To be sure, matching data in social science is extremely hard and is far from the only aim of economic models, including ACE. In a 2006 article Marco Janssen and Elinor Ostrom (the only woman ever to win a Nobel Prize in economics) reviewed the potential for empiricism in the ABM literature, discussing not only quantitative data but also the use of case studies and laboratory experiments. The role of these is to try and understand which mechanisms in agent behaviour lead to certain outcomes, and especially to either rule out certain possibilities or suggest novel ones in a given context. These gain empirical clout from being localised and detailed and therefore readily applicable in a given domain - such as the supermarket or traffic examples from above, or this experiment which emulates financial markets - but of course lose the generality that broad datasets can give us.
ACE is a promising approach due to its inherent feasibility, flexibility and ability to match key elements of the data, and as discussed above has proven useful in a variety of contexts. A final challenge for ACE going forward is a problem which plagues perhaps every type of economic modelling: the model works until it doesn’t. People can suddenly change their minds and start behaving very differently with the arrival of new information, laws, technology, or simply of their own free will. ACE is actually more capable of dealing with this than most approaches, since it is easy to program agents to learn and change their behaviour based on circumstance, but there is always fundamental uncertainty – things we “don’t know we don’t know”, as former US defence secretary Donald Rumsfeld famously put it - so modellers will have to be alert to changes in the real world to anticipate and react to such shifts.

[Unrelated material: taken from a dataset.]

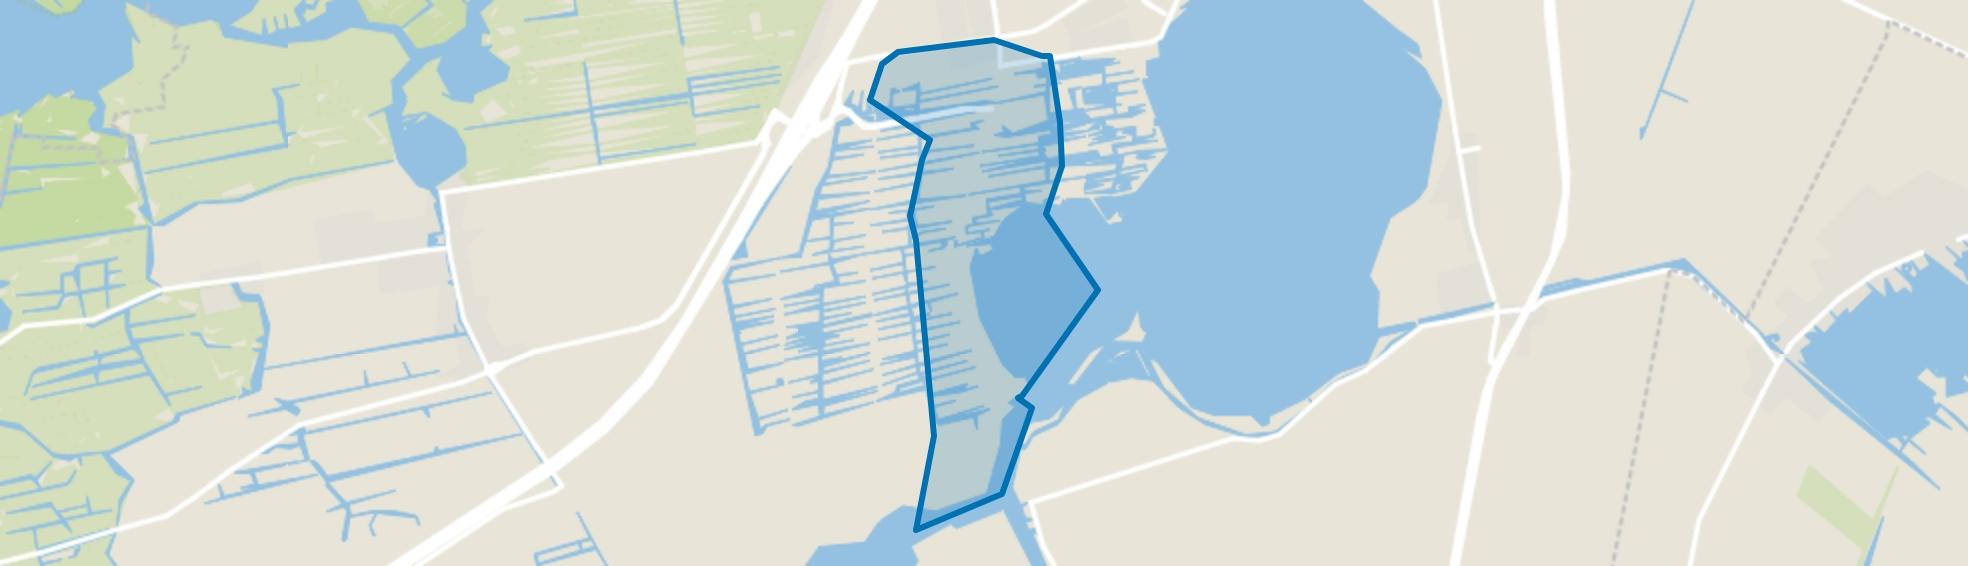 Roelofarendsveen, Roelofarendsveen map
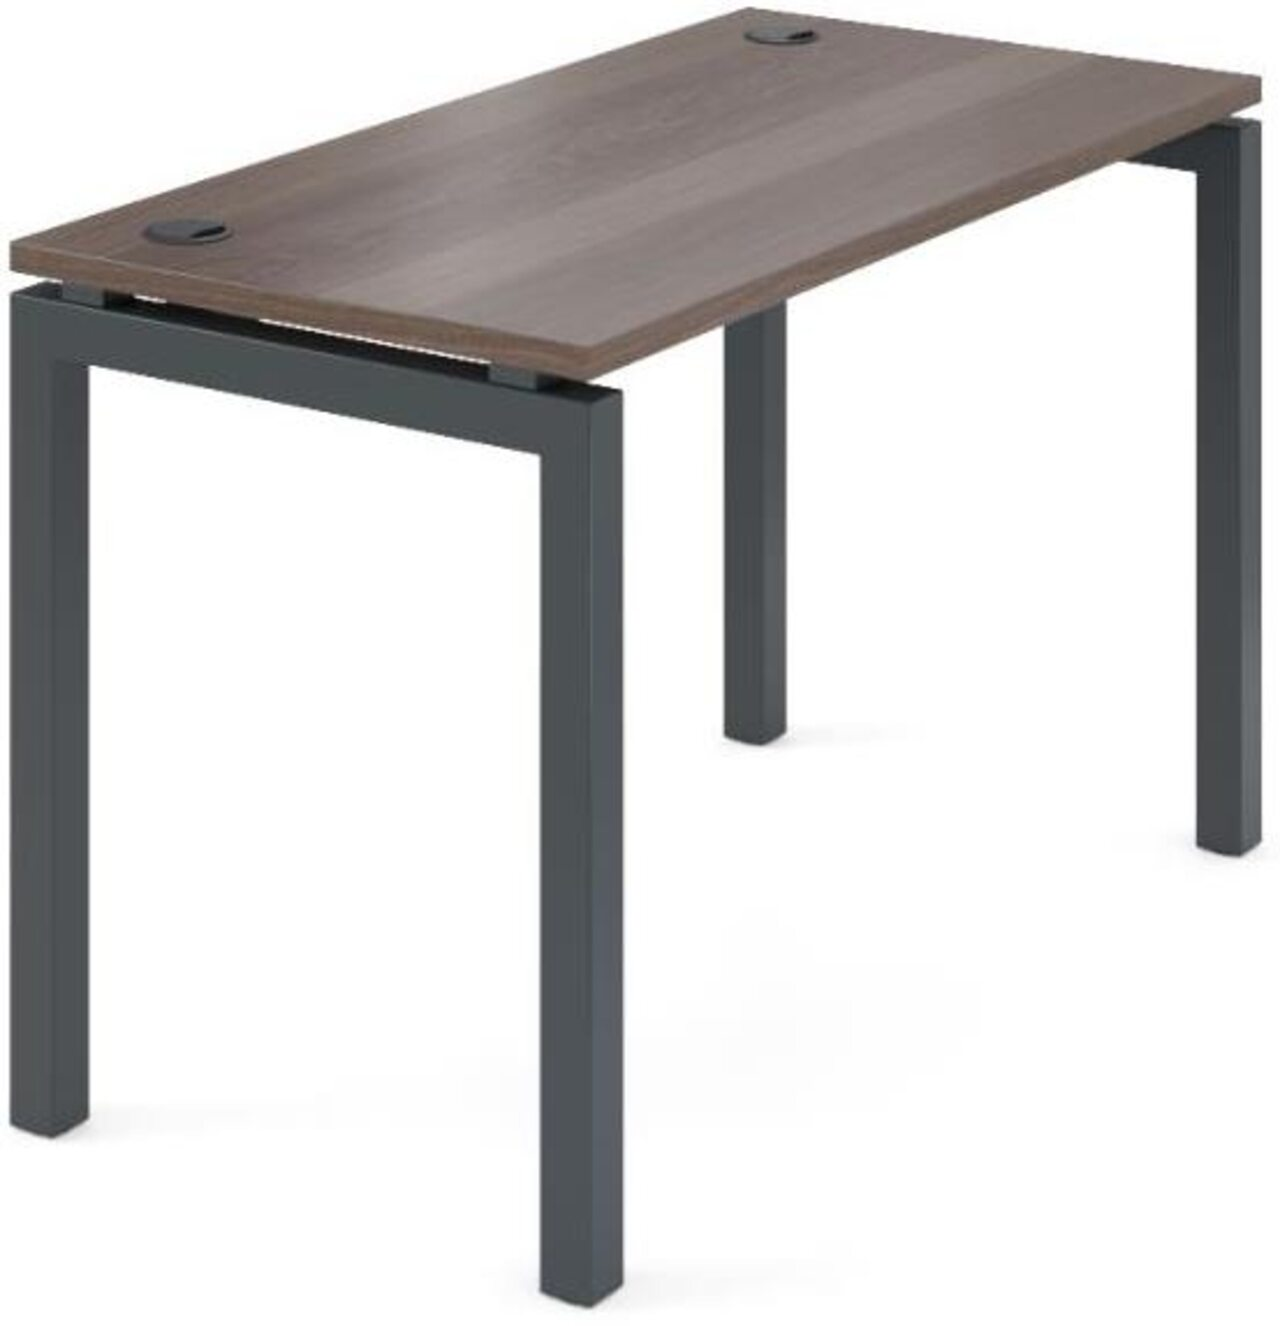 Стол на металлокаркасе  Арго 120x60x76 - фото 8

Nevertheless, ACEs paint a compelling picture: as The Economist put it, “one vision is a real-time simulation, fed by masses of data” of the whole economy, continually updated and evaluated by policymakers and researchers. It would also be relatively easy to visualise, making it transparent for everyone else. The Chief Economist of the Bank of England Andy Haldane perhaps put it best when he envisioned “a Star Trek chair and a bank of monitors…tracking the global flow of funds in close to real time, in much the same way as happens with global weather systems.” Such a set-up would lend itself naturally to ACEs, with Sim City-like images in some of the screens playing out different possibilities for the economy and financial markets.